Fabé Dia

Personal information
- Nationality: Italian
- Born: 14 February 1977 (age 49) Creil, France

Sport
- Sport: Athletics
- Event: Sprinting

Medal record
European Indoor Championships
| Silver medal – second place | 2000 Ghent | 4 × 400 m relay |
Mediterranean Games
| Gold medal – first place | 1997 Bari | 400 m |
Mediterranean Games
| Silver medal – second place | 2001 Radès | 200 metres |
| Bronze medal – third place | 2005 Almería | 200 metres |

= Fabé Dia =

Italian sprinter

Amy Fabé Dia Longo (born 14 February 1977) is a French-Italian sprint athlete who specializes in the 200 metres.

She became an Italian citizen on 12 May 2009 through her marriage to Italian middle-distance runner Andrea Longo.

==Biography==
Dia won the silver medal at the 1995 European Junior Championships. She competed at the 1995 World Indoor Championships, the 1998 European Championships, the 1999 World Indoor Championships, the 2001 World Indoor Championships, the 2001 World Championships, the 2002 European Indoor Championships and the 2002 European Championships without reaching the final. Then, she finally reached the final at the 2002 European Indoor Championships and finished sixth. She won the silver medal at the 2001 Mediterranean Games and the bronze medal at the 2005 Mediterranean Games.

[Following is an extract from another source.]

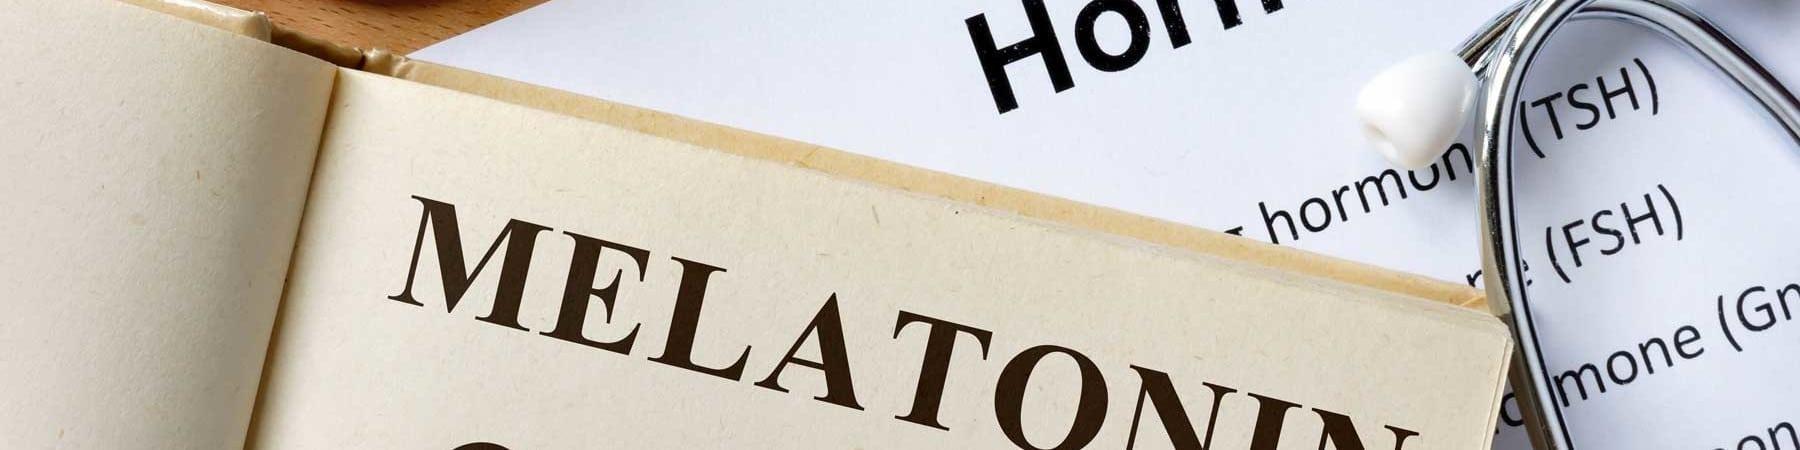 Melatonin: The Master Circadian Rhythm Regulator
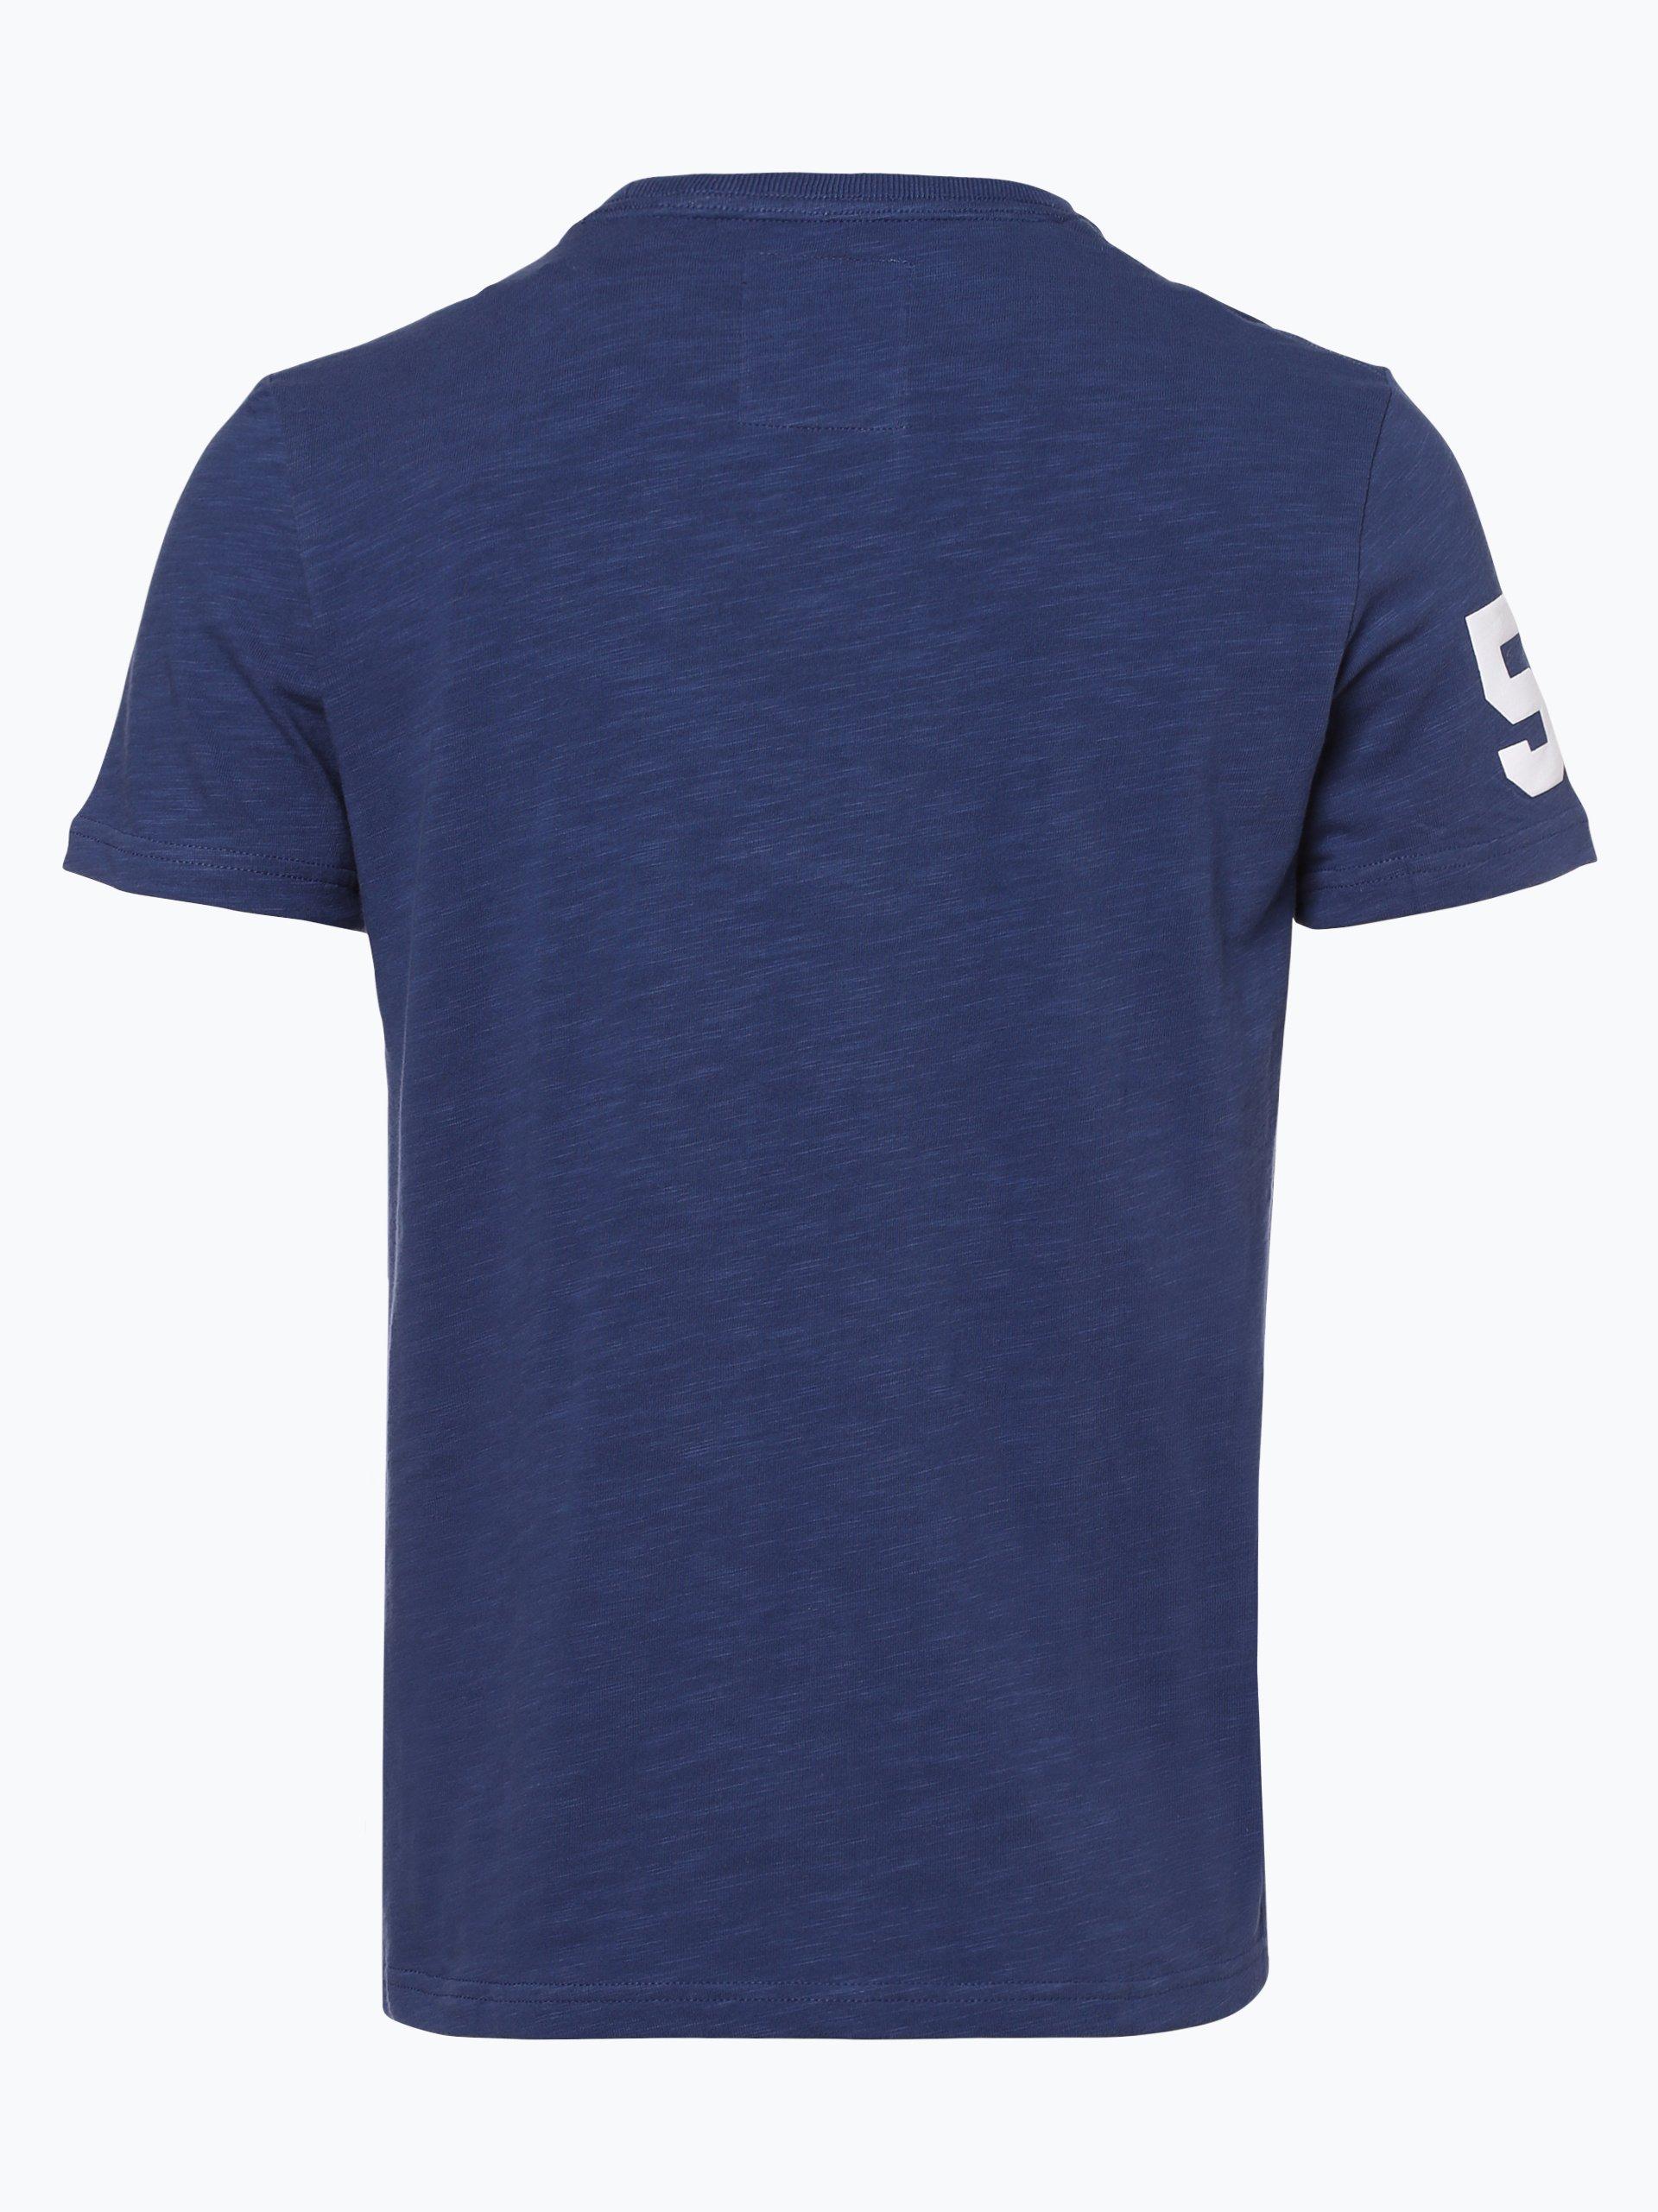 superdry herren t shirt royal bedruckt online kaufen peek und cloppenburg de. Black Bedroom Furniture Sets. Home Design Ideas

In the 4 × 100 metres relay she finished fourth at the 2000 Olympic Games, and fourth at the 2005 World Championships. At the 1999 World Championships she ran in the heats, but not in the final.

Her personal best times are 7.33 seconds in the 60 metres (indoor), achieved in January 2000 in Eaubonne; 11.54 seconds in the 100 metres, achieved in June 2005 in Florence; and 23.02 seconds in the 200 metres, achieved in June 1999 in Villeneuve-d'Ascq.